THROANE - ULCERATE - AVERSIO HUMANITATIS - SELBST - CULTUS PROFANO - AKHLYS
Ce qui est plaisant pour un Scribe, c'est de parler de musique qu'il aime...première chose, et si, cerise sur le gâteau, ladite musique cherche a reculer quelque peu les frontières de la banalité pour jouer les défricheuses et nous sortir la tête de ce trou noir covidien dans lequel nous sommes en train de nous étioler sans espoir ce n'en n'est que mieux...Avec Debemur Morti, je ne prends pas de gros risques. Choisir le label de mon artiste black metal préféré, Vindsval, n'a rien d'une difficulté, puisque la bande à Phil ne sélectionne que les meilleurs parmi les meilleurs, et aussi les plus originaux ! Ainsi, nous allons ici retrouver non sans plaisir les folies de Dehn Sora et son Throane qui nous en revient pour un EP composé d'un titre pas piqué des vers, mais aussi les tortueux architectes du death metal cinglé, Ulcerate, et l'on ne s'arrête pas là messieurs dames, puisqu'au rayon black metal qui sonne pas comme les autres, on continue la route avec les espagnols d'Aversio Humanitatis, les vénézuéliens de Selbst, le duo américain Cultus Profano et son black metal classique noir de charbon et enfin Akhlys et leur black metal hypnotique. Que du bon, que du profond, que du spécial ! Car, voyez-vous, le scribe aime beaucoup le black metal, mais il écoute toutes sortes de musiques, et Debemur Morti c'est la crèmerie idéale pour moi : du black et du death, certes, mais toujours des groupes d'une grande originalité et d'une fiabilité underground totale ! So be it ! Hails to Debemur Morti !

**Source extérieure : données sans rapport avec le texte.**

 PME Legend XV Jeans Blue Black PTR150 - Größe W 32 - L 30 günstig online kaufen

Dehn Sora est un infatigable explorateur musical, doublé d'un artiste aux facettes multiples (on ne présente plus ses travaux graphiques pour Blut Aus Nord, Yeruselem et bien d'autres, si vous suivez le Scribe vous en avez déjà vu passer pas mal ! C'est ici son entité Throane qui est a l'honneur, et j'avais déjà dit tout le bien que je pensais du dernier album en date (si tu me crois pas tu trouveras le lien en bas de page). Throane, a l'instar de ce que peut faire Vindsval au travers de ses différents projets, est un OMNI (objet musical non identifié) qui concentre brillamment diverses influences musicales (dark ambient, Noise, Industriel, Doom, musique cinématographique) autour d'une base black metal.

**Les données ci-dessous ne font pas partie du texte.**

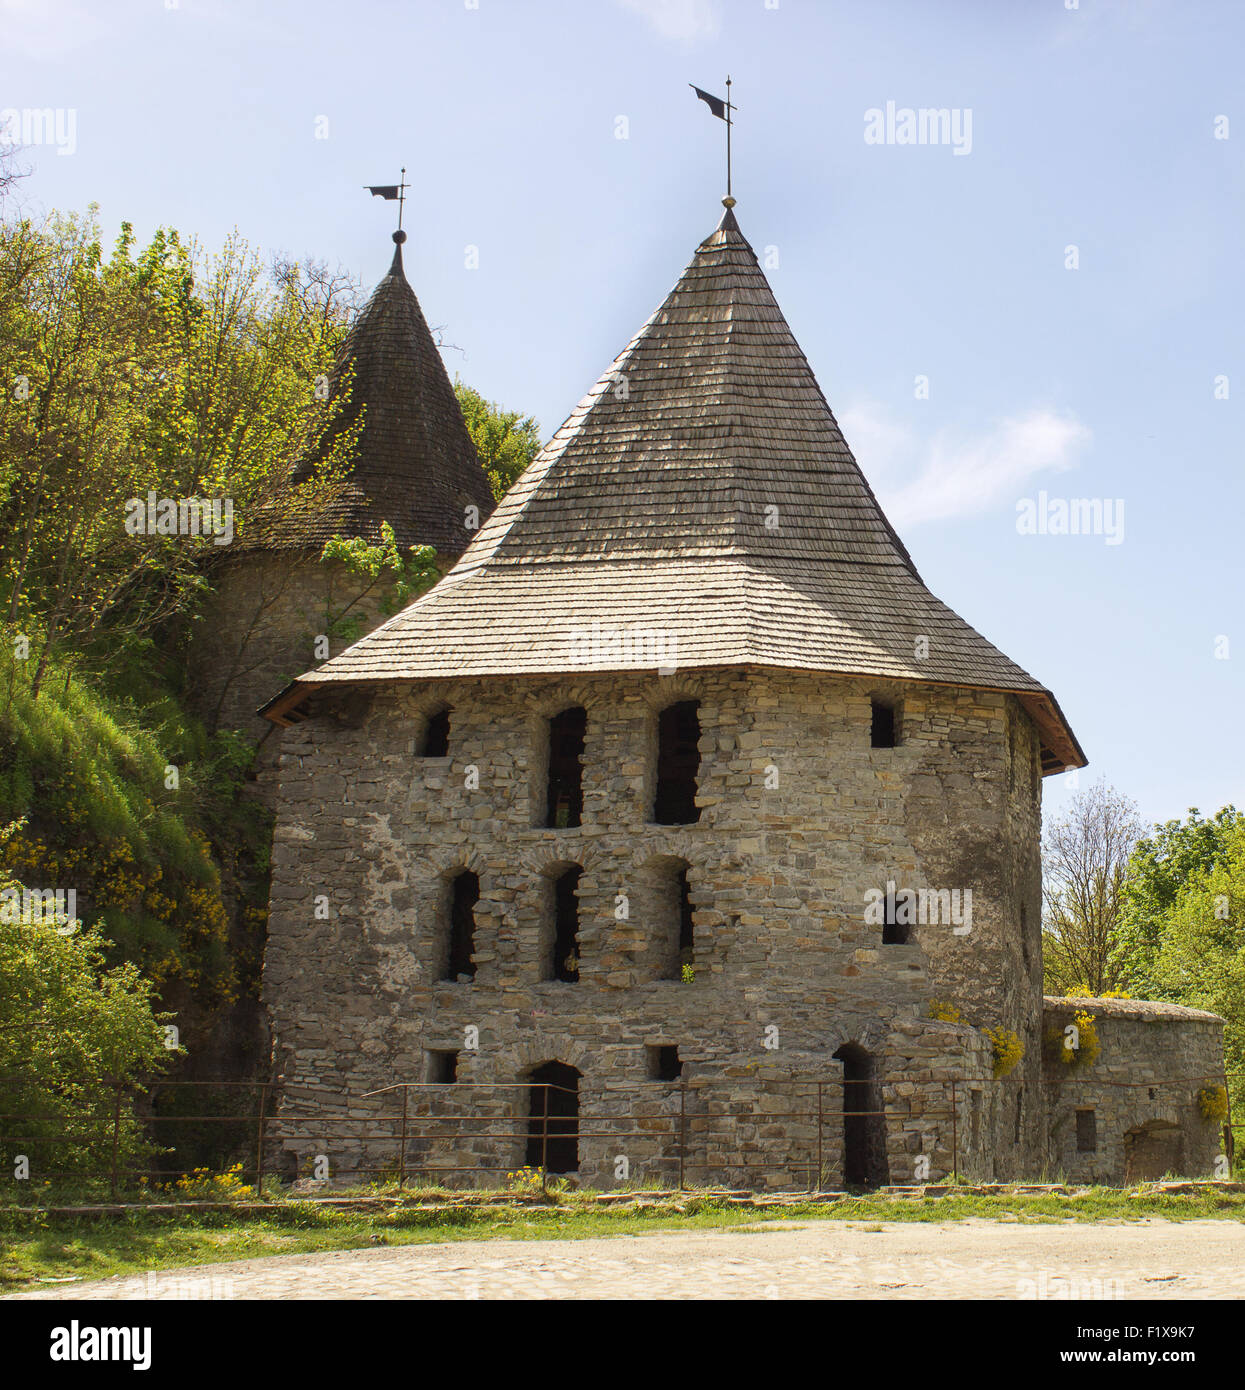 Ancienne tour de château médiéval. Banque D'Images

Ici Dehn se livre a un exercice difficile, voire périlleux pour ceux qui n'en n'auraient pas les capacités, sortir un EP avec un seul long titre dessus. Autant, avec du génie, c'est l'éclate, autant, quand c'est foireux c'est foireux.Pour être tout a fait honnête avec vous, je n'avais pas beaucoup d'inquiétude avant d'écouter mon fichier audio promotionnel. Je connais les capacités de Dehn Sora, je sais de quoi il est capable. Dès la première minute le décor est planté : les riffs maladifs et cauchemardesques viennent nous sortir de notre rêverie pour nous trimbaler dans un monde digne de Freddy Krueger (eh ! j'avais rien demandé moi !) avec des décors d'acier crissant et de rouille mortifère.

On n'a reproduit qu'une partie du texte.